To finish, simply drop

$1
on the end of the target URL
...=$1
for the collected information to be appended on the end.

This stuff is very powerful and is completely unforgiving of typos and errors in thought process. That is why you have to define *exactly* what you want it to do, before you start any coding (or develop on a test server where errors are not going to get an entire site de-listed from search engines). I hope I haven't made any errors, but jd will likely look in on this thread and offer a more efficient solution if it exists.

[edited by: g1smd at 8:50 pm (utc) on Oct. 10, 2008]

dpaanlka

8:49 pm on Oct 10, 2008 (gmt 0)

10+ Year Member



Any ideas on how to do the last bit? Attaching the requested file path to the new redirect location as a URL variable?

EDIT: Many of my files are located in subdirectories, and subdirectories within subdirectories and so on. Basically, I'd fancy the ability to break after the http://example.com/ and catch the subdirectories and the file name only. Will this still work with the above example?

EDIT#2: I have, indeed, been doing all this on a test server first.

[edited by: jdMorgan at 12:47 am (utc) on Oct. 11, 2008]
[edit reason] example.com [/edit]

dpaanlka

8:59 pm on Oct 10, 2008 (gmt 0)

10+ Year Member



Well, I used ^([^.]+\.(zip¦hqx¦sit¦dmg¦iso¦bin))$ + the $1 at the end and it does seem to be working now. Thanks for all your help!
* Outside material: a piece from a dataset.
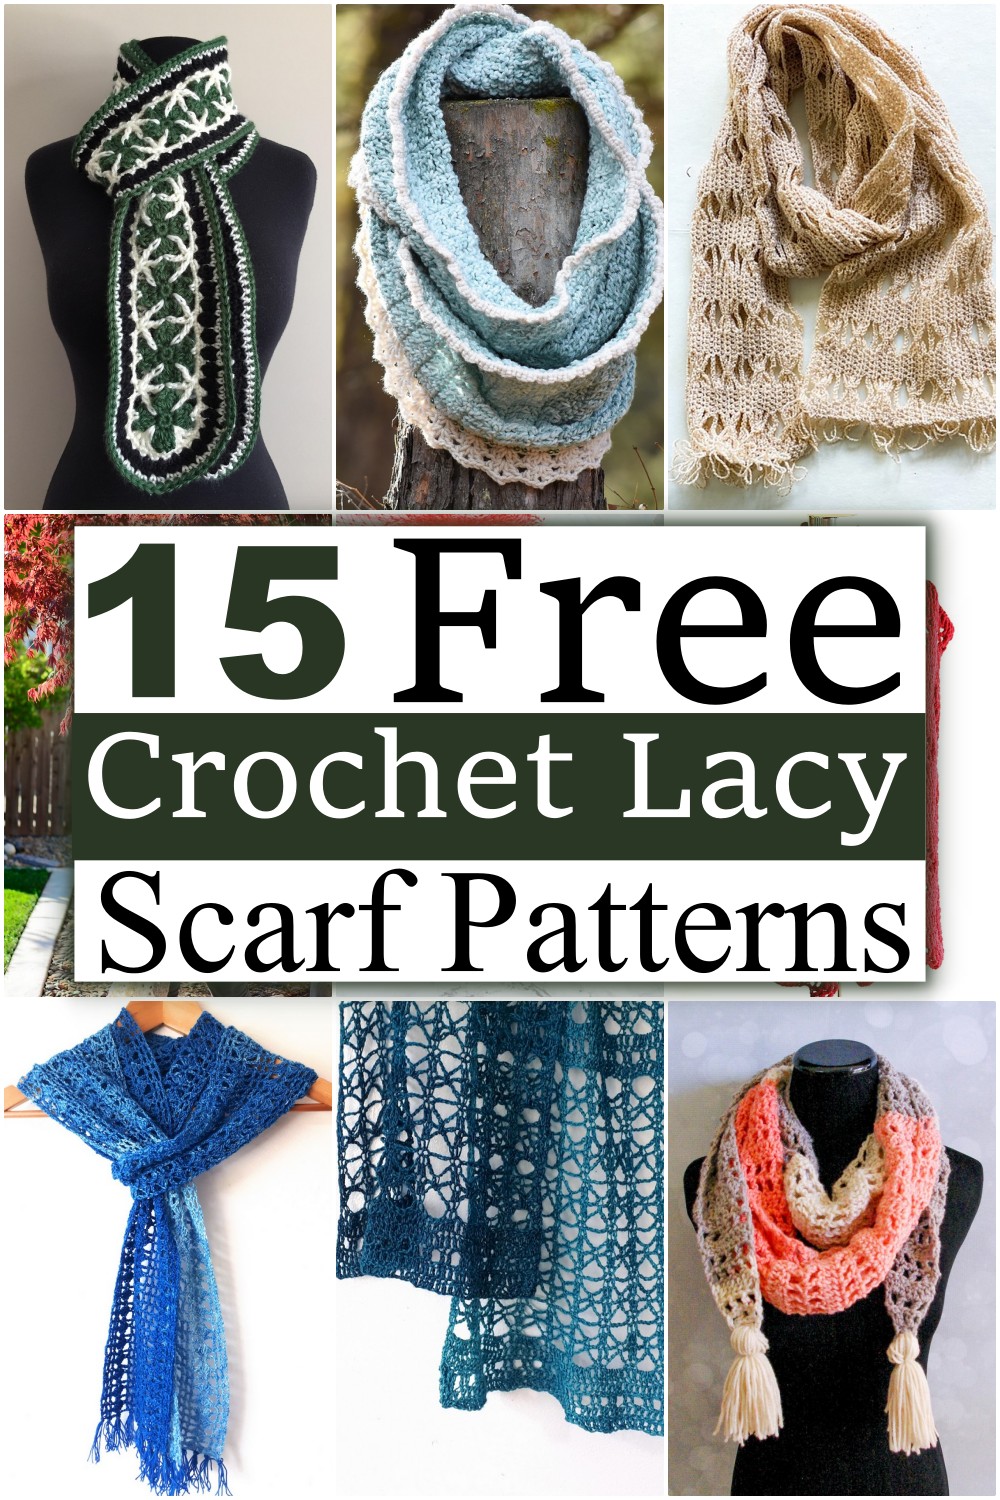 Crochet Lacy Scarf Patterns 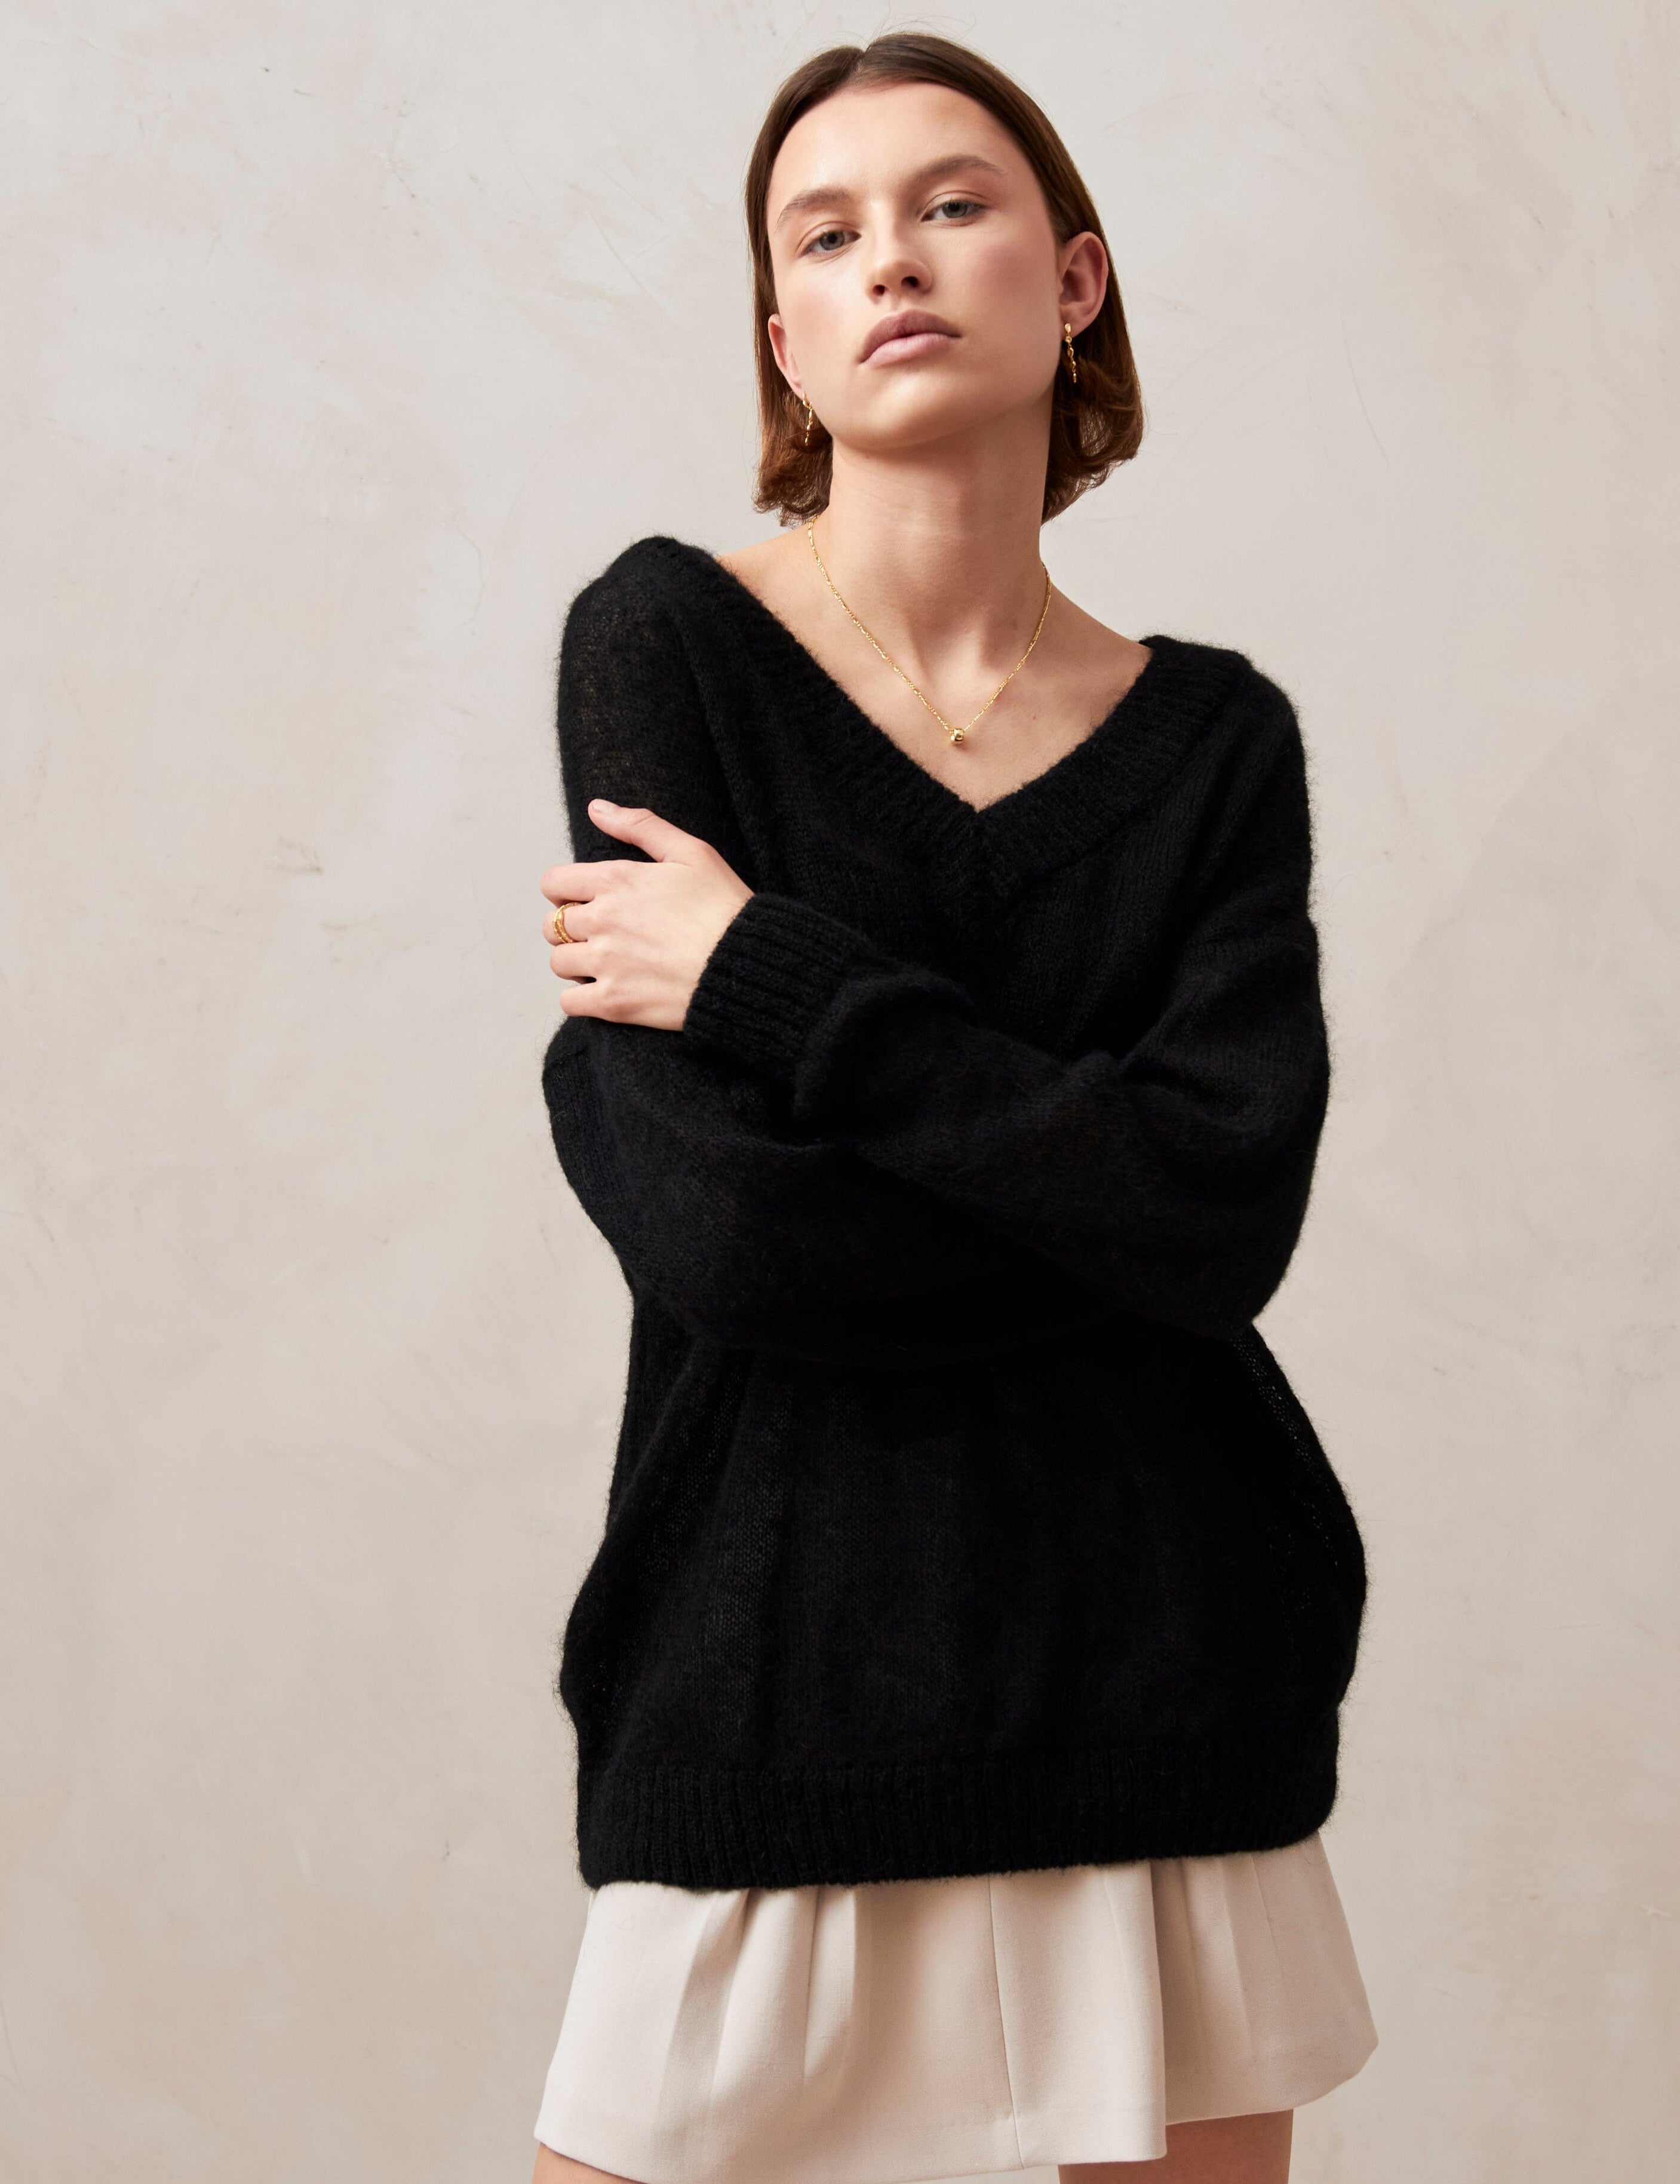 pomeda-black-sweater-sweaters-alohas-228100_3000x_9d074bb5-0fd4-41c1-adef-e2dc3684c66e.jpg

I'll test this out for a bit and if anything happens I'll post here.

g1smd

12:21 am on Oct 11, 2008 (gmt 0)

WebmasterWorld Senior Member 10+ Year Member Top Contributors Of The Month



The left hand side of a RewriteRule has only the folder and filepath available to be tested and evaluated.

By default, both the host name and the query string are not present. They can be found in %{HTTP_HOST} and %{QUERY_STRING} etc, tested separately.

The path information that is present is also localised such that if the .htaccess is in a folder then information about folders closer to the root is not included.

Glad you got it working.

You may find the PHP and/or JavaScript forums as WebmasterWorld to be helpful in getting your "thanks" script to do what you want it to, but it does sound like you are already well on the way.

One thing to do as you go along, is to ask yourself "how could someone abuse this?" and take steps to prevent that. I mentioned the usage of robots disallow.

What would happen if someone linked to your "thanks" page? What would happen if they crafted a "nasty" value for the filename? There's more data checking to be done in the script to reject malicious requests, and to ensure only valid archives are requested.

dpaanlka

9:37 pm on Oct 11, 2008 (gmt 0)

10+ Year Member



I've done a few things to ensure security, including blocking the page from robots.txt, parsing the passed variable into html-friendly code with $variable = htmlspecialchars($_GET['variable']); (so <script> wouldn't run as a script, for example), and also passing only the path of the file, not the domain, and adding the domain. In other words, the htaccess only passes directory/file.ext and the script on thanks page combines it with http://www.example.com/ to create the full name. If somebody goes to the thanks page, no matter what they pass it always gets added to http://www.example.com/ so they can't send people elsewhere.

I think this should have it all taken care of, yes?